Transport Minister Michael McCormack said the study was part of a new information campaign, funded under the National Heavy Vehicle Regulator's Heavy Vehicle Safety Initiative.

"The co-exist campaign is a road safety initiative of the Caravan Industry Association of Australia designed to inform and educate campers about interacting with trucks safely while on the road," he explained.

"It highlights the importance of ensuring our truck drivers can manage their fatigue and legal responsibilities, with a particular focus on truck rest stops and improved communication."

Mr McCormack said sharing roads and rest facilities by the two major groups was "critical" to keep everyone safe.

Assistant Minister for Road Safety and Freight Transport Scott Buchholz has encouraged all caravanners to visit the Co-exist website before hitting the road.

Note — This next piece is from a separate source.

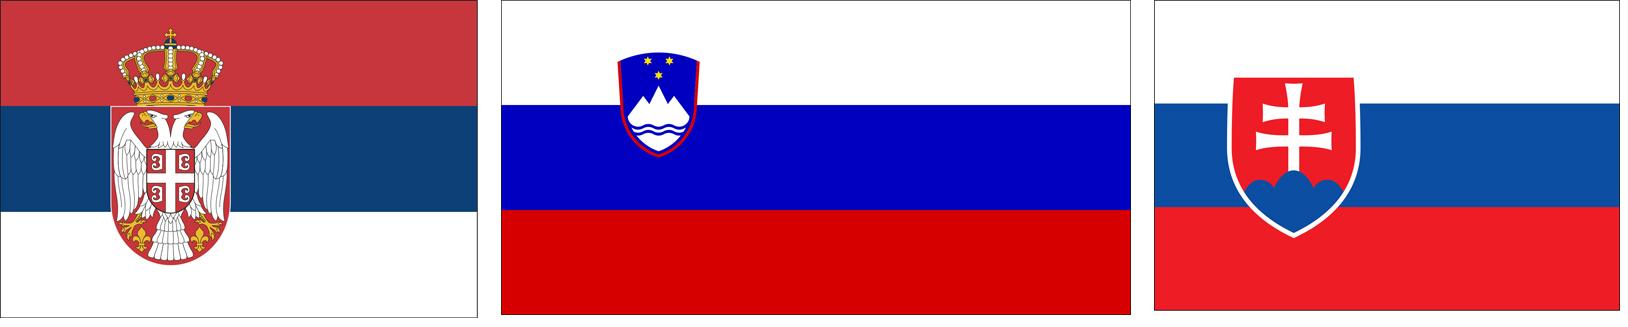 kroatie 03 servie slovenie slowakije

"Jump online, have a read and pass it on to friends because more informed and responsible drivers will contribute to safer roads and less accidents," he said.

"I urge caravanners to take advantage of the great facilities at camping grounds and caravan parks and give truck drivers the space to stop at roadside rest areas to ensure they have their proper break."

The Caravan Industry Association of Australia's research of 554 caravaners or RV drivers who had used a rest stop in the past 12 months also showed that:

* 60 percent had used a rest stop more than once.
* More than three-quarters made the decision to use a rest stop when their trip was underway.
* More than a quarter spent more than nine hours at the rest stop.

Chief executive Stuart Lamont said all road users had equal responsibility for road safety.

"Caravan and RV users value safety so this information will help them to understand how to share the road with heavy vehicles, particularly in understanding how such a large vehicle behaves," he said.

"Our campaign promotes simple information that can reduce frustration, such as the use of UHFs for improved communication between drivers, maintaining speed and road position when being overtaken.

"When stopping for the night make sure youre aware that truck drivers may need to use the dedicated stops to manage their fatigue hours, so plan your stops and use the appropriate areas to park and not use designated truck parking."

National Heavy Vehicle Regulator chief executive Sal Petroccitto said the partnership between the Caravan Industry Association of Australia and the heavy vehicle industry would save lives.

"Long haul heavy vehicle drivers are often managing fatigue and getting good quality rest is critical to keeping all road users safe," he said.

"Im pleased that weve been able to work with the caravan industry on ways to reduce risk for holidaymakers and supporting our truckies who keep Australia moving."